United States Senator from Connecticut
- In office March 4, 1819 – March 3, 1825
- Preceded by: David Daggett
- Succeeded by: Calvin Willey

Personal details
- Born: June 14, 1767 Norwich, Connecticut
- Died: August 7, 1841 (aged 74) Norwich, Connecticut, U.S.
- Party: Democratic-Republican, Crawford Republican
- Spouses: ; Marian Griswold Chandler ​ ​(m. 1794; died 1817)​ ; Mary Judith Gall Benjamin ​ ​(m. 1826)​
- Relations: Charles Lanman (grandson)
- Children: 12, including Charles
- Alma mater: Yale College
- Profession: Lawyer

= James Lanman =

American politician (1767–1841)

James Lanman (June 14, 1767 – August 7, 1841) was an American lawyer and politician from Connecticut who served in the United States Senate from 1819 to 1825. He was a cousin of Presidents John Adams and John Quincy Adams.

==Early life==
James Lanman was the eldest of the seven children of shipping magnate Peter Lanman of Norwich, Connecticut and Sarah Spaulding ( Coit) Lanman. The first of many generations of Lanmans who attended what is now known as Yale University, James Lanman pursued classical studies, debated as a member of Brothers in Unity and graduated Phi Beta Kappa from Yale College in 1788.

When his father died in 1804, James inherited and moved into his childhood home, the now historic "Peter Lanman House" on Main Street, for the rest of his life. A nearby tavern (now the Norwich Savings Society) at "Peter Lanman's Corner", at Main and Broadway in Norwich, is of interest because George Washington stayed there in 1775.

==Career==
Lanman studied law and was admitted to the bar in 1791, beginning his practice in his hometown of Norwich "where he acquired great local distinction for his eloquence and general ability". We get an interesting glimpse of James Lanman as a young man of 20 through the diary of John Quincy Adams, who was two years his senior and rode with him on a stage from Boston to Providence on September 8, 1789: "I had two companions; one a Mr. Wright from North Carolina, and the other a young man from Connecticut by the name of Lanman. We were tolerably sociable. Lanman sung a number of songs of his own accord, and sung very well. But, upon being requested by Mr. Wright to continue, he altogether denied that he could sing at all."

===Public office===
He was elected to the State house of representatives in 1817, as a delegate to the State constitutional convention in 1818, then to the State senate in 1819. Lanman was elected to the United States Senate as a Democratic-Republican (later Crawford Republican) and served from March 4, 1819, to March 3, 1825. As a Senator he chaired the Committee to Audit and Control the Contingent Expenses (Seventeenth Congress), The Committee on Engrossed Bills (Seventeenth and Eighteenth Congresses), and the Committee on Post Office and Post Roads (Eighteenth Congress). Lanman was a judge of the State superior and supreme courts from 1826 to 1829 and the mayor of Norwich from 1831 to 1834 (to which his son Charles succeeded in 1838).
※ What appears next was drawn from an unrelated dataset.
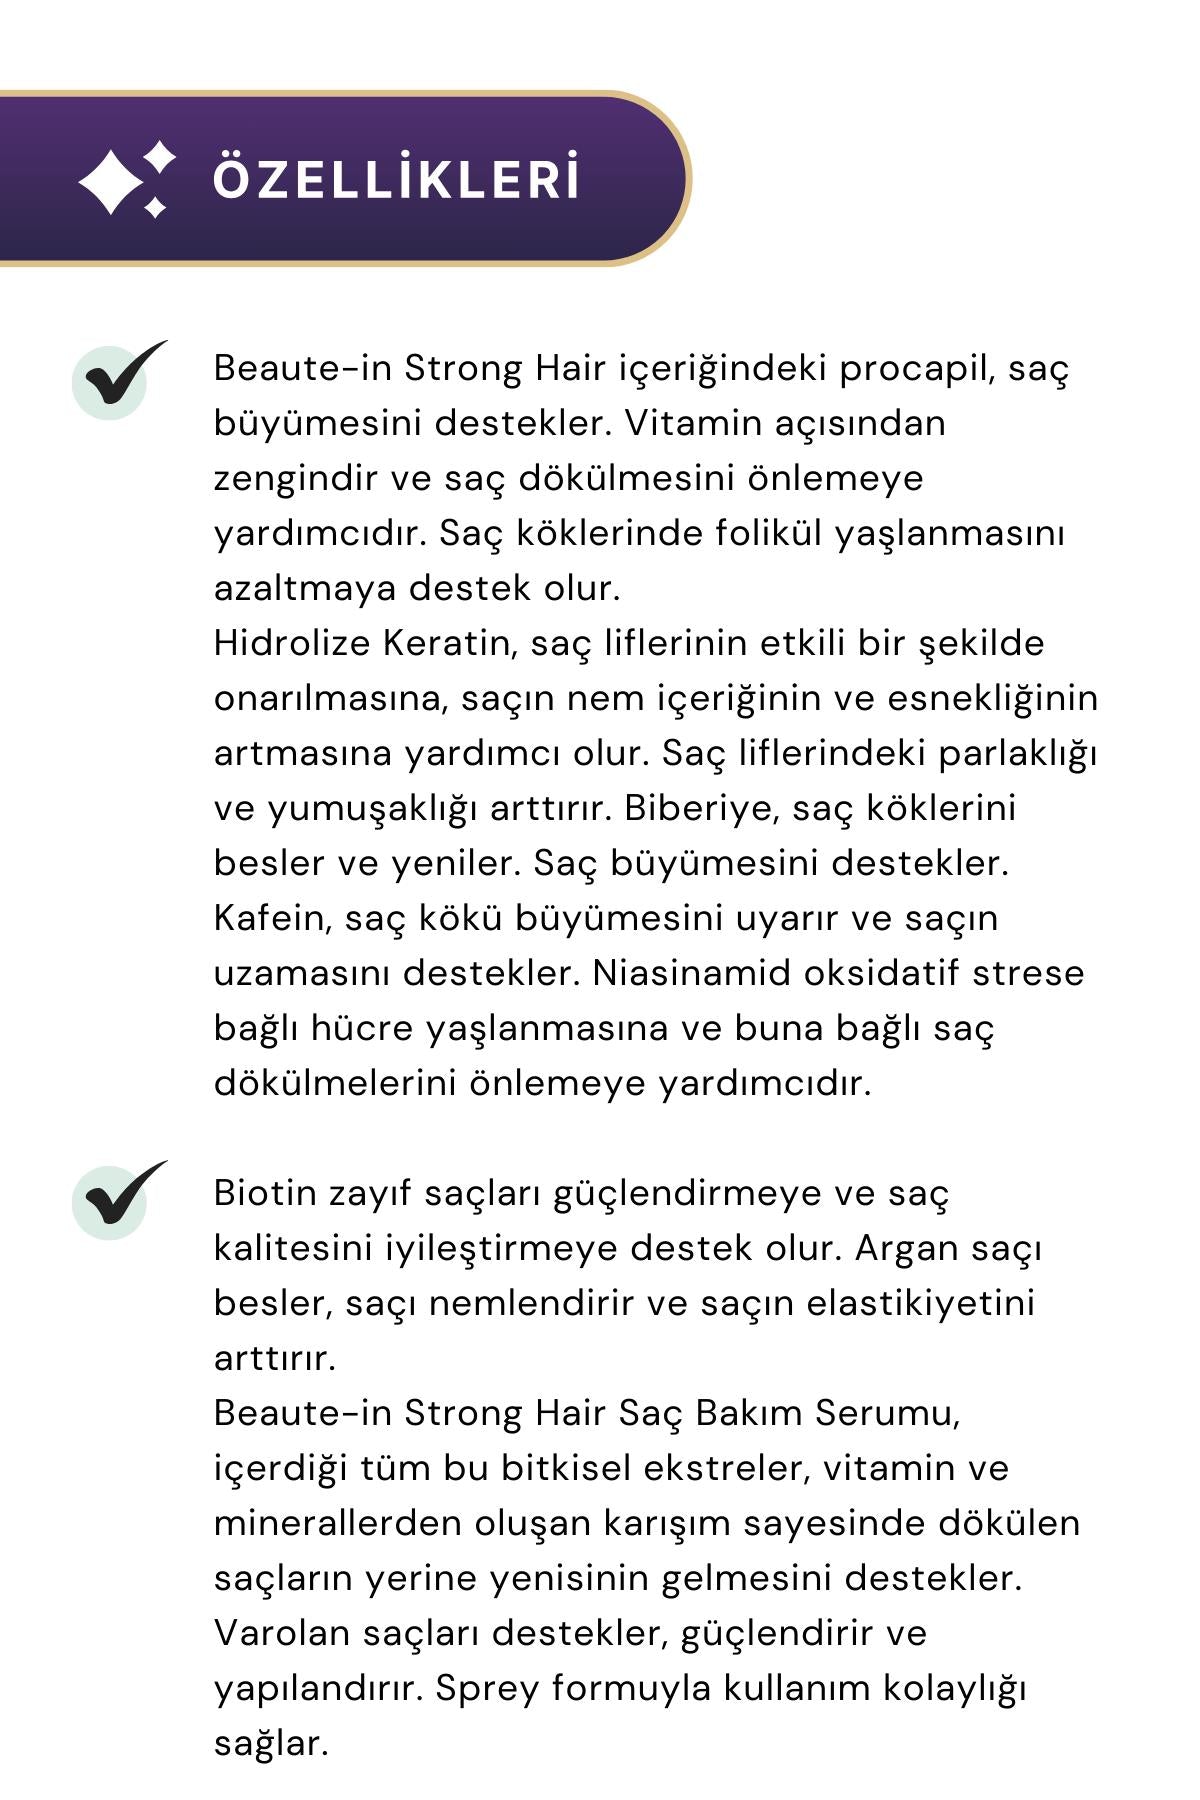 HERBasist Beaute-in Strong Hair Saç Spreyi 60 ml 3'lü Paket

Lanman was known as the last Senator to wear a powdered wig, ruffled shirts and knee breeches. His grandson, Charles Lanman, private secretary to Daniel Webster, said that, "My grandfather, James Lanman, voted with the South on the Missouri Compromise and was burned in effigy in his native town, Norwich, but his broad patriotism won from him the warmest friendship of Henry Clay and Thomas H. Benton."

===Notable orations===
Lanman published a notable Fourth of July address to the citizens of Norwich on the 22nd anniversary of United States independence in 1798. While Mayor of Norwich, Lanman gave a speech commemorating the centennial anniversary of George Washington's birthday on March 1, 1832 entitled "A Discourse, Addressed to the Citizens of Norwich", which reviews Washington's military and civic contributions to the founding of the United States.

==Personal life==
On May 18, 1794, Lanman was married to Marian Griswold Chandler (1774–1817), a daughter of the late Charles Church Chandler and Marian Griswold (a daughter of Governor Matthew Griswold). After her father's death, her mother remarried twice and among her half-siblings were Chief Justice Ebenezer Lane. Together, they had four sons and eight daughters, including:

- Charles James Lanman (1795–1870), who married Marie Jeanne Guie in 1819.
- Mary Anne Lanman (1797–1851), who married Obadiah Penniman in 1829, and Charles Waters.
- Eliza Lanman (1800–1872), who married Amos Hallam Hubbard in 1821.
- Sarah Coit Lanman (1802–1889), who married Josiah Harmar, son of Brig.-Gen. Josiah Harmar, in 1830.
- Harriet Lanman (1804–1853), who married Jacob Wyckoff Piatt of Cincinnati around 1832.
- Jane Griswold Lanman (1806–1874), who married Dr. Daniel Tyler Coit.
- Joanna Boylston Lanman (1808–1859), who married Lafayette S. Foster in 1837.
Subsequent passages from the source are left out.